DVD in Like New condition in case.
Review by Peter Stack in the San Francisco Chronicle:
THE DELTA: Drama. Starring Shayne Gray, Thang Chan. Directed by Ira Sachs. (Not rated. 85 minutes.)
Nobody will walk away from "The Delta" without feeling troubled. This moody film, set in muggy Memphis, exudes a dangerous veracity that's both exciting and poisonous.
Writer-director Ira Sachs peels back layers that movies hardly ever visit. "The Delta" is steeped in a sense of privacy. Characters seem unguarded, like subjects in a hidden-camera documentary. They escape their world of bleary boredom in the lurid and the forbidden.

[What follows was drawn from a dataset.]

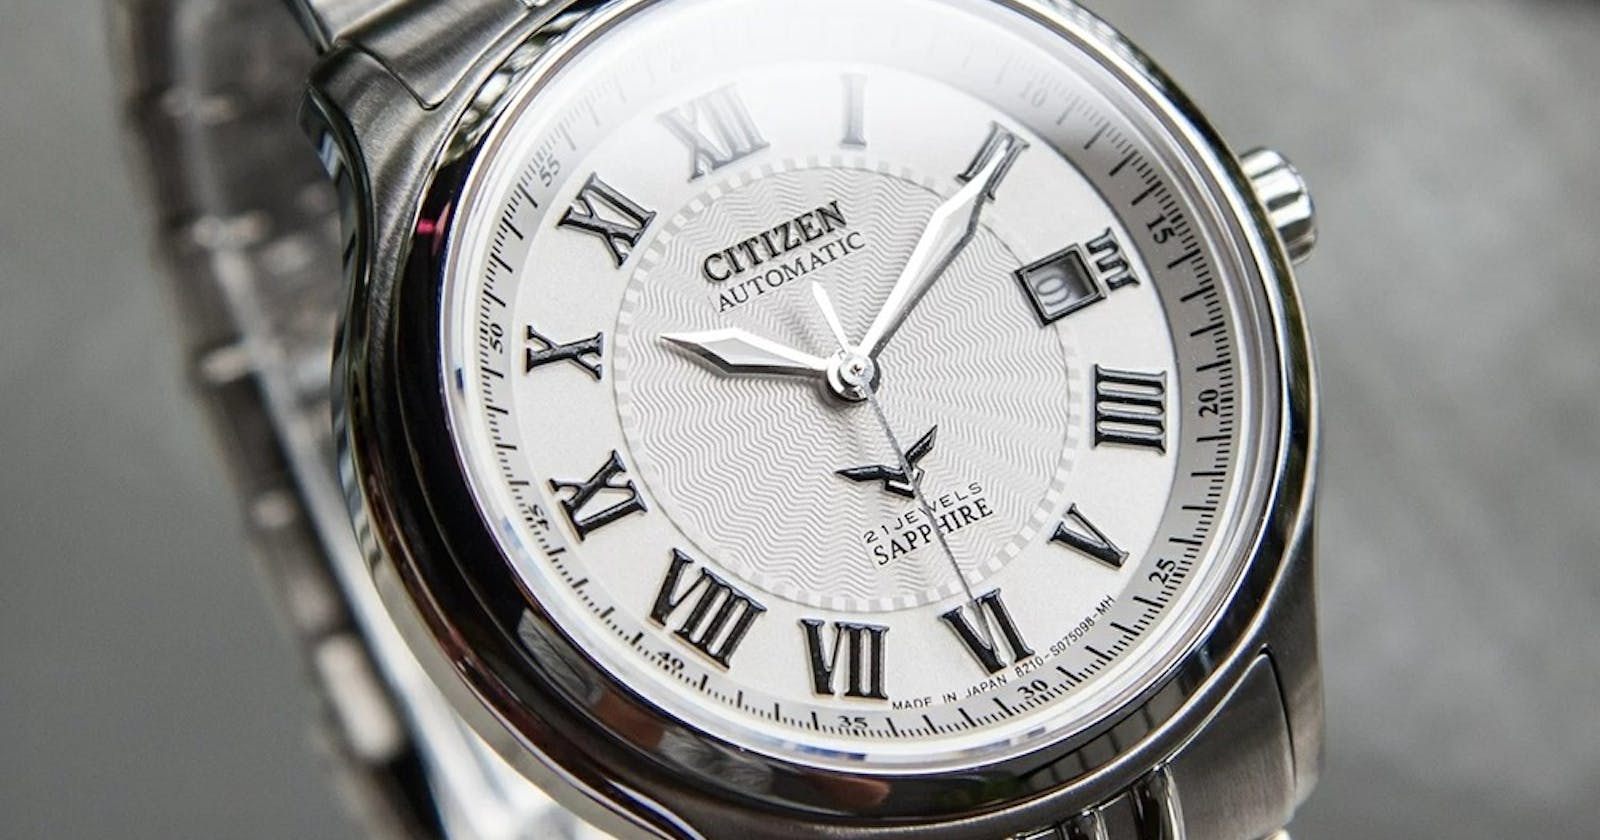 Đồng hồ Citizen automatic 21 jewels sapphire giá bao nhiêu?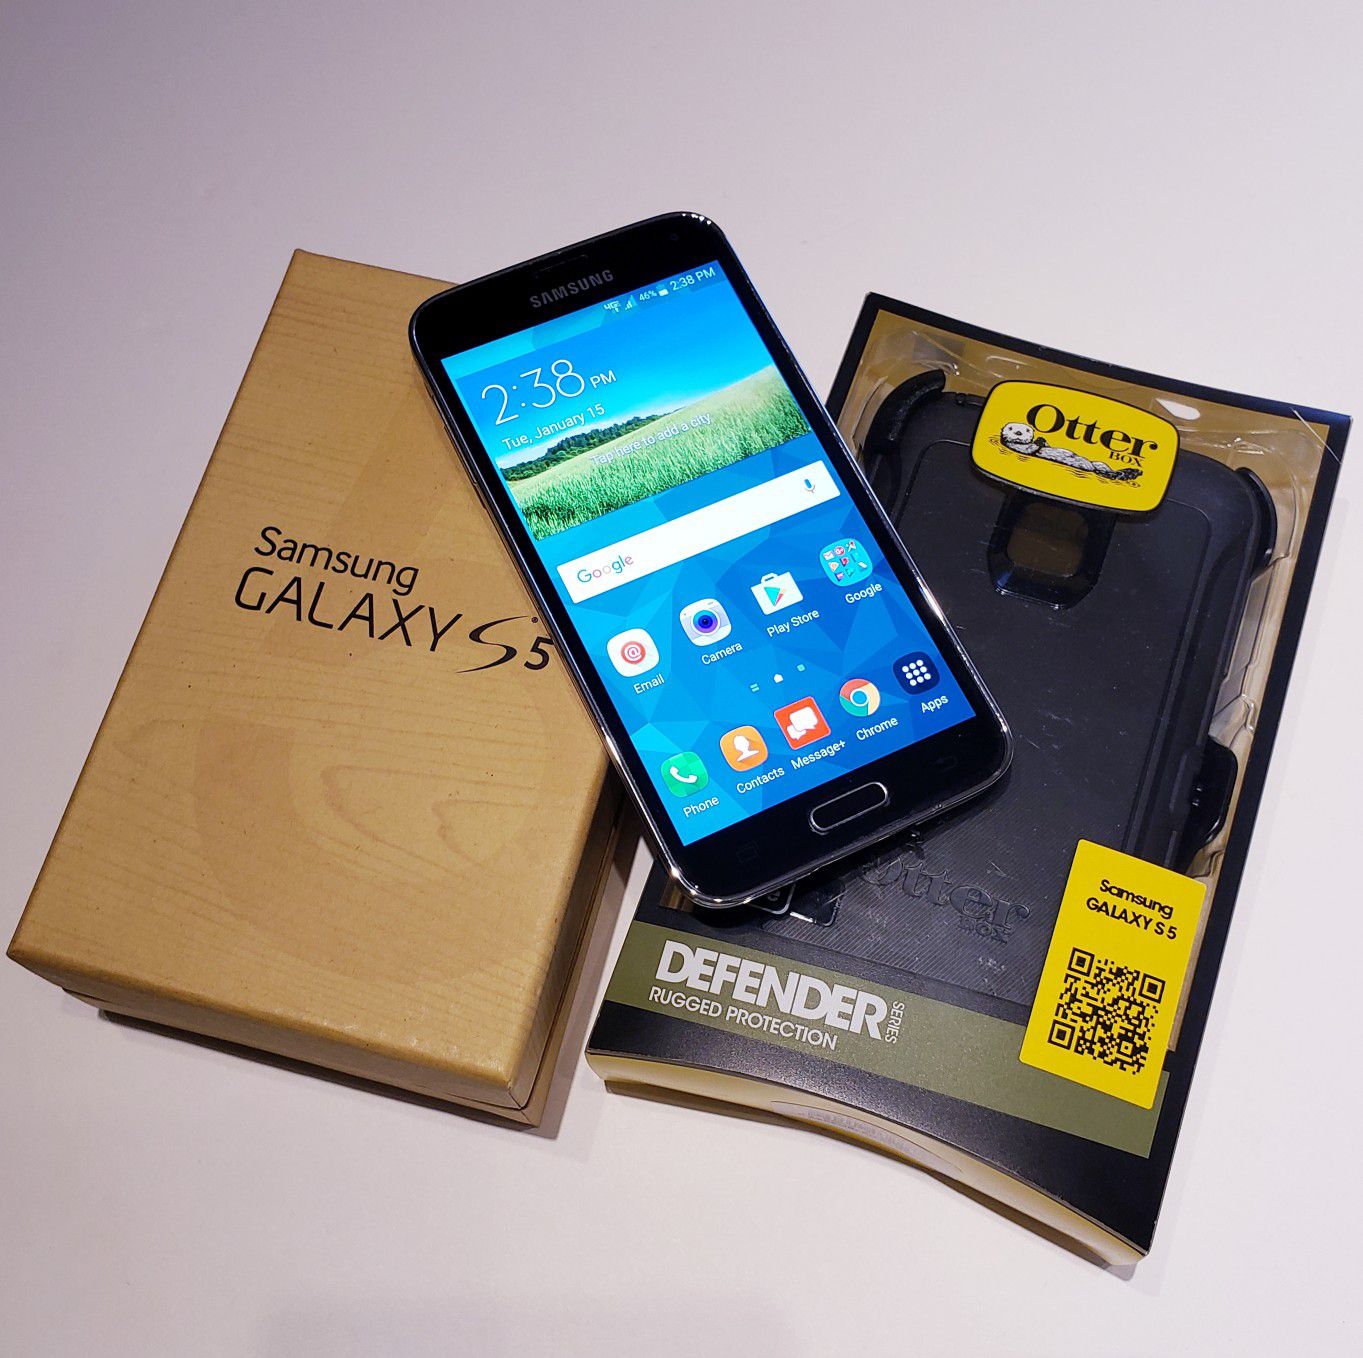 Samsung Galaxy S5 - Unlocked - w/Otterbox Defender Series Case

"The Delta" focuses on a well-off white 17-year-old boy whose surface straightness is a mask for a restless infatuation with men in a world of gay cruising and peep-show sex. After the easygoing Lincoln Bloom (Shayne Gray) meets a poor Vietnamese immigrant, Minh (Thang Chan), son of a black GI, at an all-night movie house, they take a playful, spur-of-the-moment trip down the Mississippi in Lincoln's father's cabin cruiser. But the adventure of sunny discovery and romance only traps them in a cruel revelation of how mismatched they are. Different classes, different ethnicities, different in their rage at the world. Their impossible love, with playful moments such as a swim at an isolated riverbank mud hole, is a poignantly twisted take on "Huckleberry Finn." Ultimately, the impossibility of their lives has tragic consequences.